Human DNA consists of 46 chromosomes and inherits half from the mother and half from the father. In fact, 99.9% of human DNA is alike, and only 0.1% allows people to be identified, which in molecular biology is referred to as a Variable Number of Contiguous Repeats.
DNA test was started to be used in 1985 and enlightened people in many fields. For example; Used in paternity testing. During the paternity test, a reference sample is taken from the father and the child. In order for this test to be known for sure, samples are taken from 15 different gene regions, which are of course valid for the blood test. If the genes in these regions are compared and tested are the same, 99.9% of the children will be fathered, or if these regions are not the same, 0% will be found, which means he is not the father.

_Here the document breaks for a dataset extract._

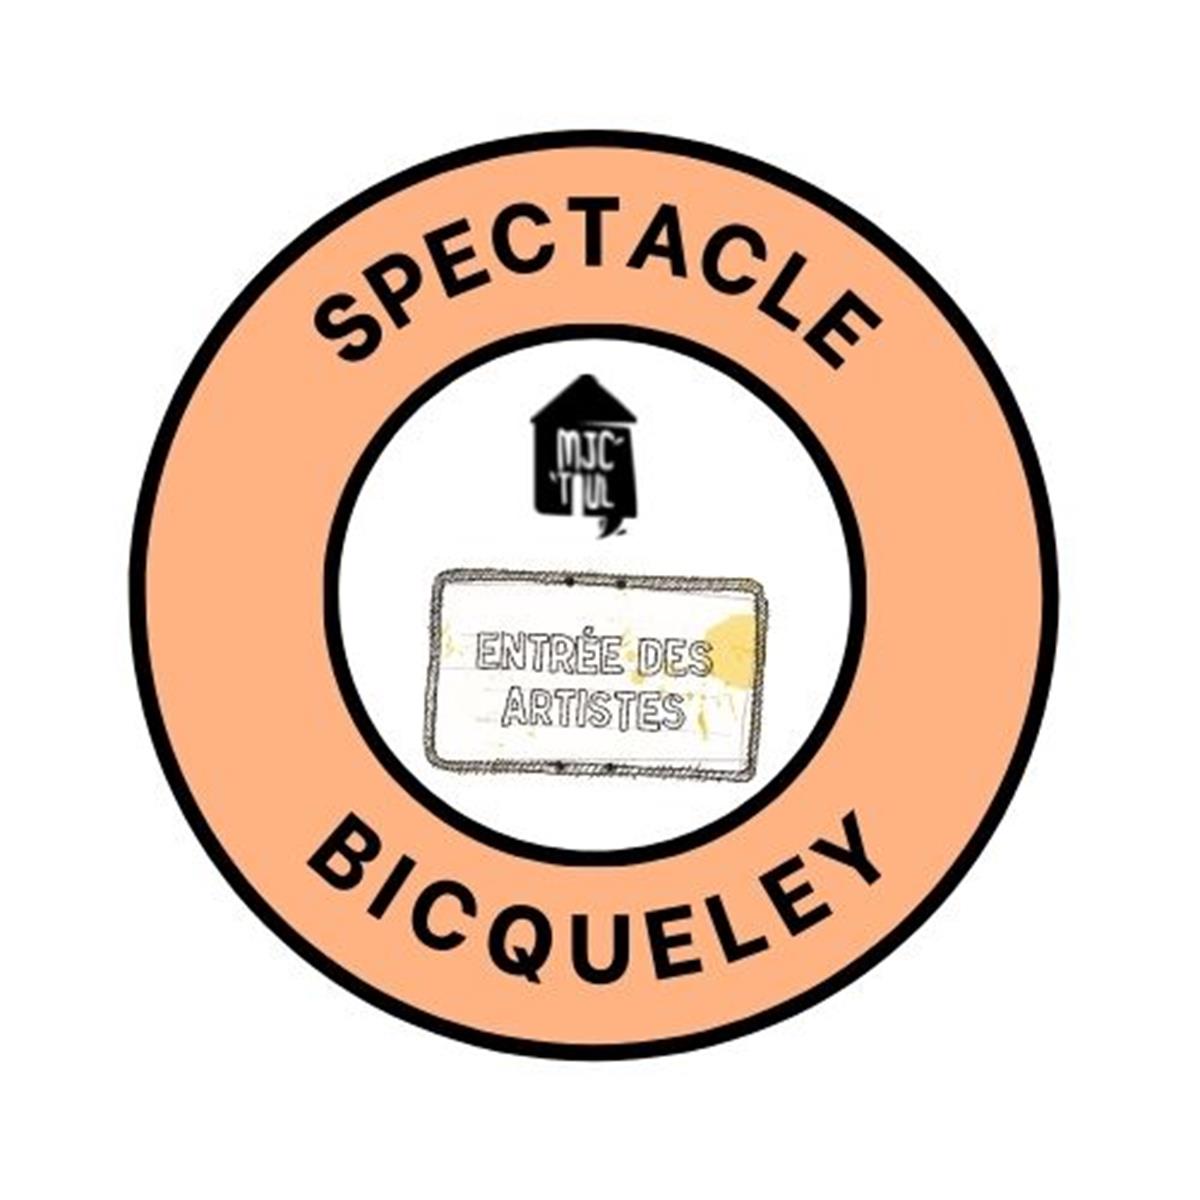 SPECTACLE DE L'ÉCOLE DE BICQUELEY

It is not necessary to draw blood from the mother in the paternity test, but if it is taken, the possibility of the child being mixed in the hospital (albeit with a low probability) is eliminated. At the same time, DNA test -paternity test- is made from hair, oral mucosa (this is the best method, especially in court cases, items such as toothbrushes, pacifiers for babies can be used as references) and blood.
It should also be noted that in a very low probability, an egg can be fertilized with two male sperm and a child can have two biological fathers, this is called heteropaternal superfecundation in the medical field. This is a probability, albeit a one percent probability, and there are rare examples in the world. It was last seen in Turkey in 2010 and in the USA in 2015.